Tissue Sect. 5 μm thick were deparaffinized and underwent antigen retrieval using proteinase K (S3020; Dako) in Tris-EDTA buffer (93,283; Sigma). The sections were incubated with 3% hydrogen peroxide (H0300; Samchun Chemical) in methyl alcohol (59; Duksan) to block endogenous peroxidase activity. Sections were stained with primary antibodies, including anti-CD4 (14–9766–82; eBioscience), anti-IL-4 conjugated with PE (12–7041–82; eBioscience), and anti-IL-17 A conjugated with FITC (11–7177–81; eBioscience), in 10% normal goat serum in PBS. In addition, sections were stained with anti-mouse IgG secondary antibody conjugated with APC (A-865; Thermo). Nuclei were stained with DAPI (D35271; Invitrogen) in PBS. All stained sections were imaged using a confocal laser scanning microscope (LSM700).

Statistical analysis

To analyze histology in skin and lung, the positive area of DAB-stained were assessed in IHC staining using ImageJ software. In confocal staining, the number of fluorescent cells was counted.

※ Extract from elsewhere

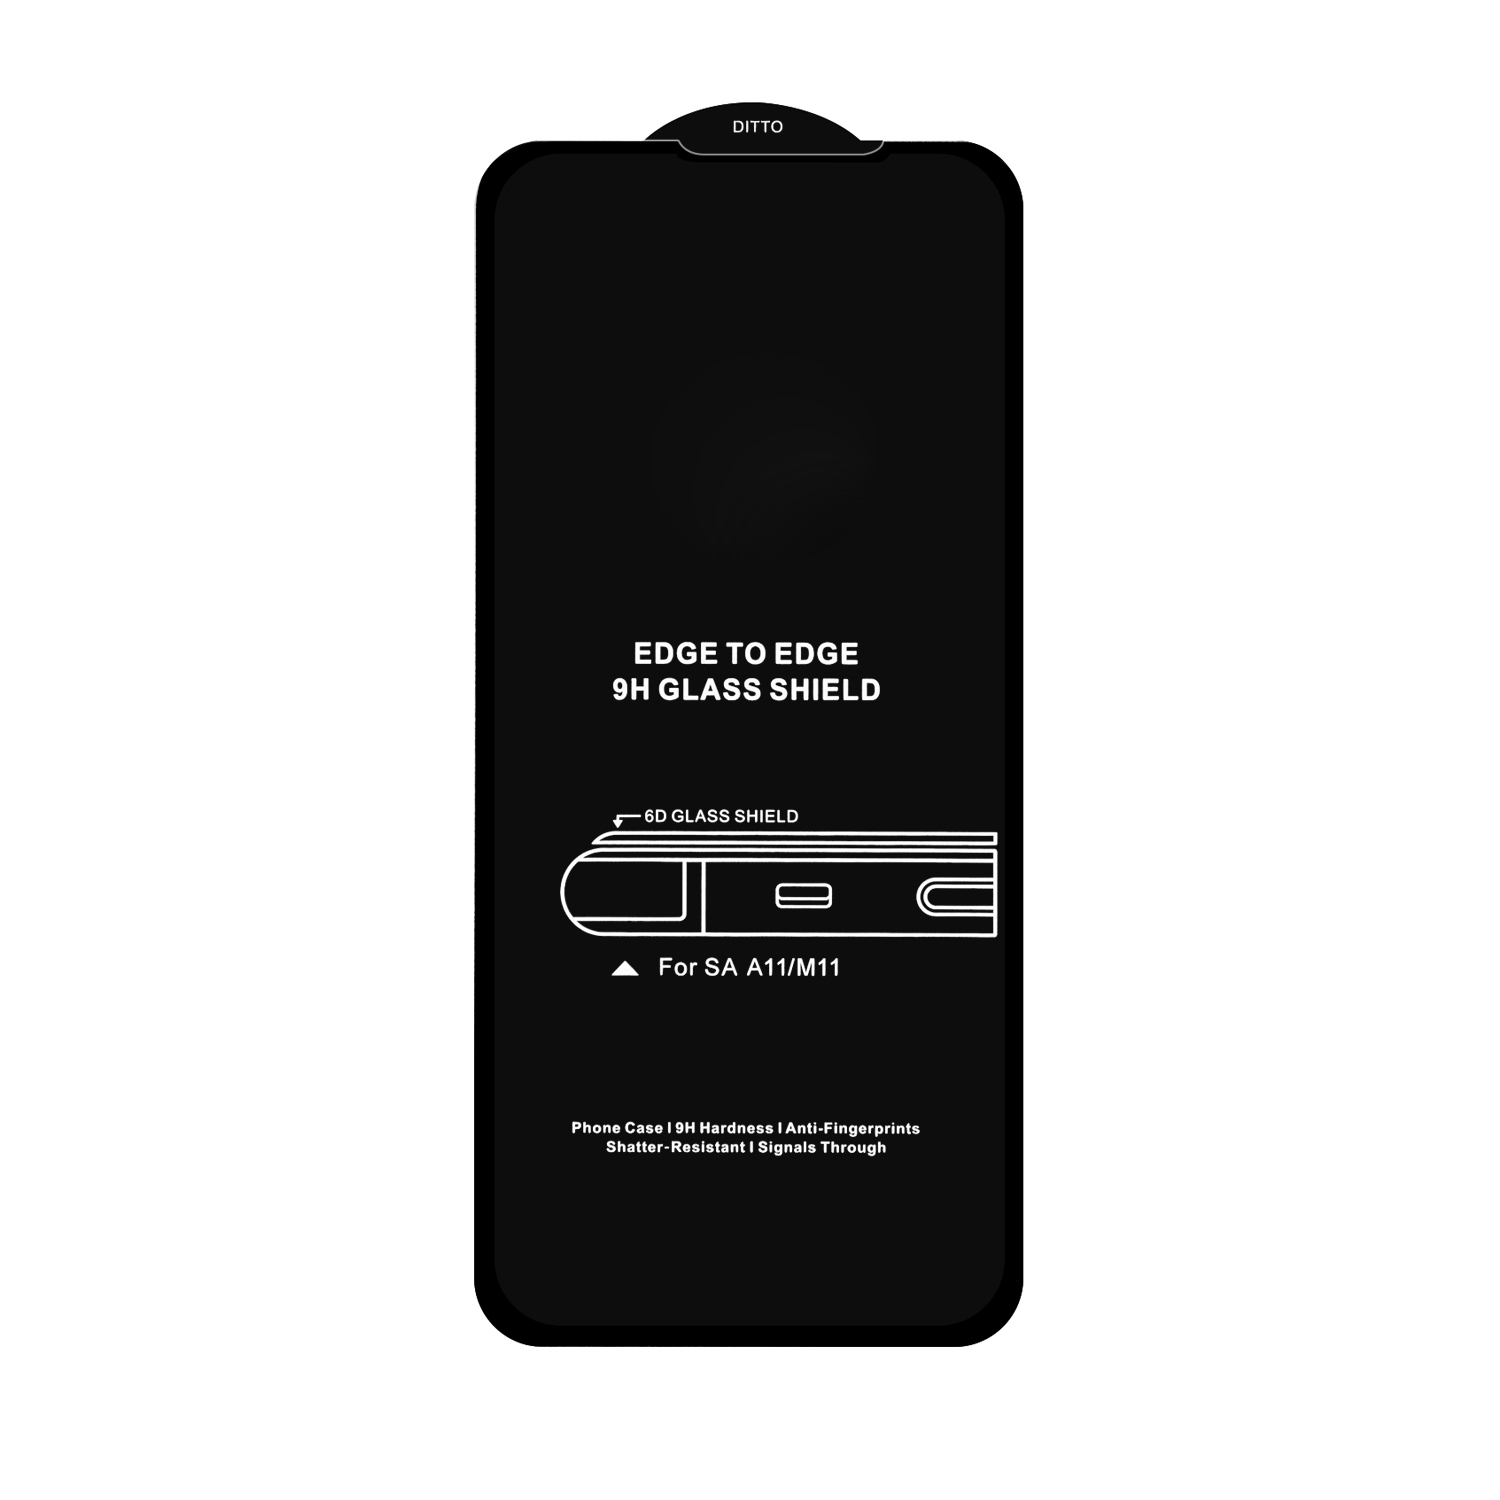 Защитное стекло Samsung A11/M11 Black 6D без упаковки

The results are presented as the mean ± SEM. Statistical analysis between two groups was performed using an unpaired t-test. Statistical significance was determined using a p-value cut-off of 0.05. GraphPad Prism version 9.50 (GraphPad Software, San Diego, California, USA) for Windows was used to plot the data.